The first complete genome of an individual person, that of geneticist J. Craig Venter, was published in September 2007 in the Public Library of Science (PLOS) journal Biology. Over four years, an international team sifted through some 20 billion base pairs of DNA to assemble Venter's genetic profile. A team from Toronto's Hospital for Sick Children, lead by Stephen Scherer, a senior scientist there in genetics and genome biology and a professor at the University of Toronto, collaborated on the project.

As a result of this work, and the work of other research teams, the $1000 US genome may not be so far off. In November, deCODE, a company based in Iceland, began offering customers a genetic profile covering one million genetic variants (providing disease risk factors and ancestry information) for $985 US. On Jan. 22, the biotech firm 23andMe announced that it would offer its $999 US genetic profile to customers in Canada as well as in Europe. The company, which made news last spring when Google invested $3.9 million US in it, scans some half-million locations on the genes known to have variations significant for disease and ancestry. The whole genome, however, has some six billion locations or DNA "letters" altogether, and while the partial genetic information available commercially is intriguing, it is difficult to interpret and the medical applications are still limited.

People willing to have their entire genome made public may volunteer with the Personal Genome Project, initiated by George Church, a Harvard professor of genetics. Or, if you'd like to keep your genome private, a company called Knome (also co-founded by Church) will sequence your whole genome for $350,000 US — if you are among the first 20 people to ask — according to a press release dated Nov. 29.

Your personal blueprint

So what good is all this genetic information?

Many geneticists posting on the Nature Genetics site speculate that widely available genome sequencing would illuminate common intractable diseases.

In answer to the journal's question of the year, Francis Collins of the National Human Genome Research Institute in the U.S. said that at $1,000 US per genome, he would sequence the genomes of people affected by diseases that have at least some genetic component — such as cancer, arthritis, Alzheimer's, diabetes, cardiovascular disease and depression. He would also look at the genomes of people who have lived a century or more in order to explore "the genetics of good health and longevity in all humans."

Understanding genetic components of disease would also widen the availability of "personalized medicine," transforming it from "a luxury to a birthright," as George Church puts it on the website.

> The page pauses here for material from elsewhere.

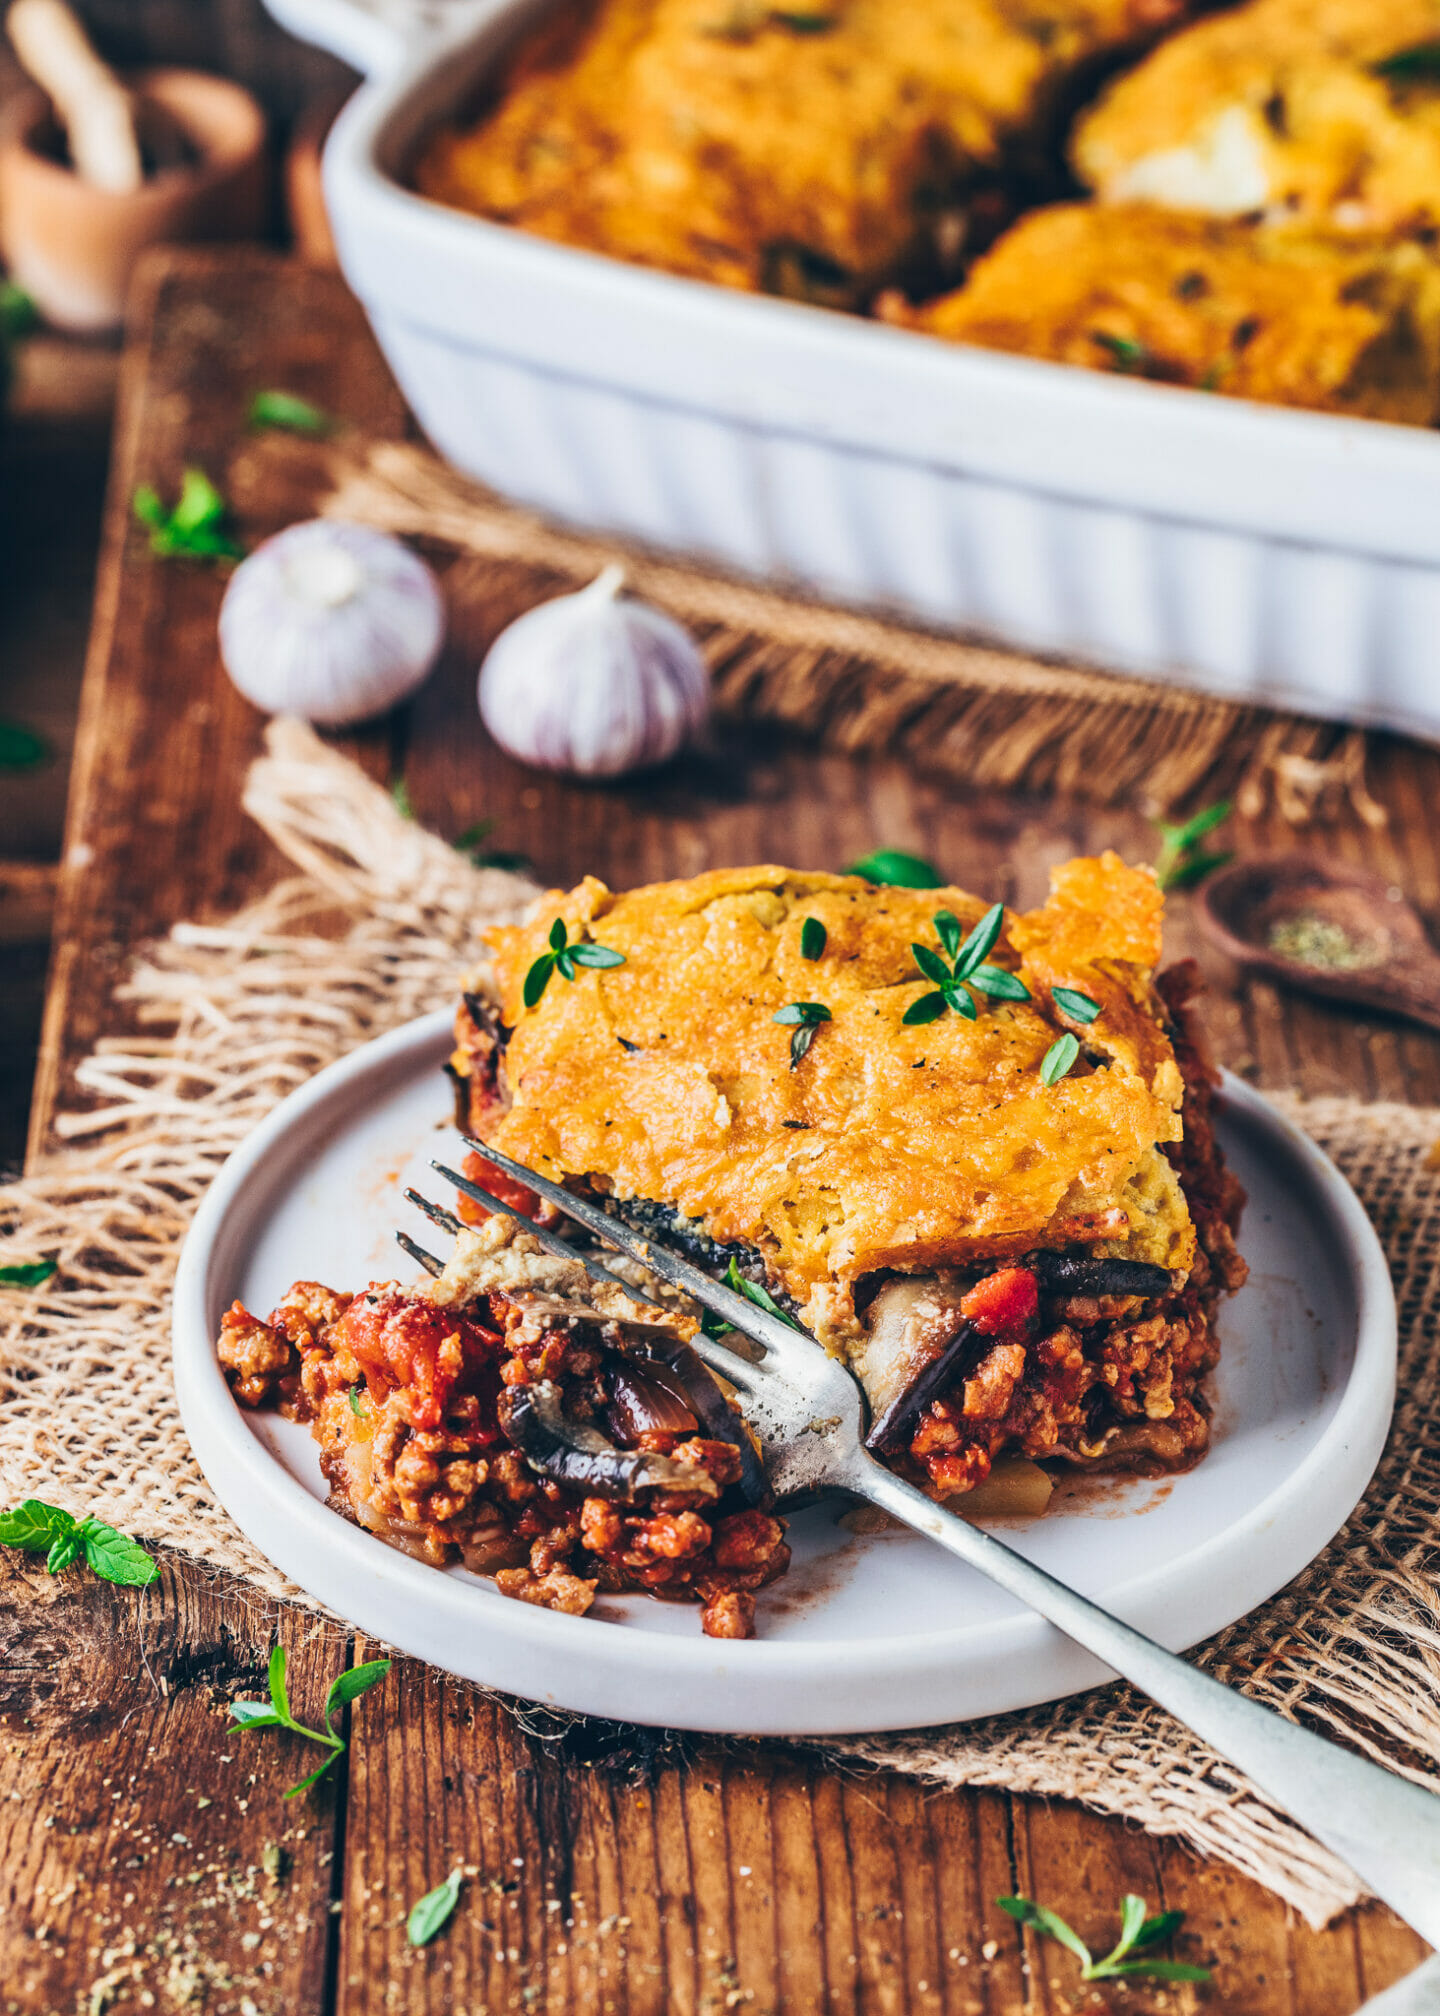 Moussaka with vegan meat tomato sauce and cashew béchamel (Greek lasagna)

Personalized medicine — already used in limited ways — relies on genetic testing to predict how people will respond to particular medications, such as antidepressants and chemotherapy drugs. However, Scherer cautions that, "In the short term, personalized medicine will mainly only benefit those people who can access [afford] it and who have the wherewithal to make sense of the data."

Scherer, who plans to enroll in the Personal Genome Project this year, is looking for autism susceptibility genes, but points out that the technology is still too expensive for sequencing to apply directly to the study of disease. Still, he says, his team spends a lot of time "trying to make the links of DNA sequence changes to medical outcomes."

In the meantime, he is making progress using high-resolution arrays, he says. Scherer directs the Autism Genome Project, supported by Genome Canada, which will screen the genomes of more than 6,000 members of 1,600 families to search for clues to causes and treatments.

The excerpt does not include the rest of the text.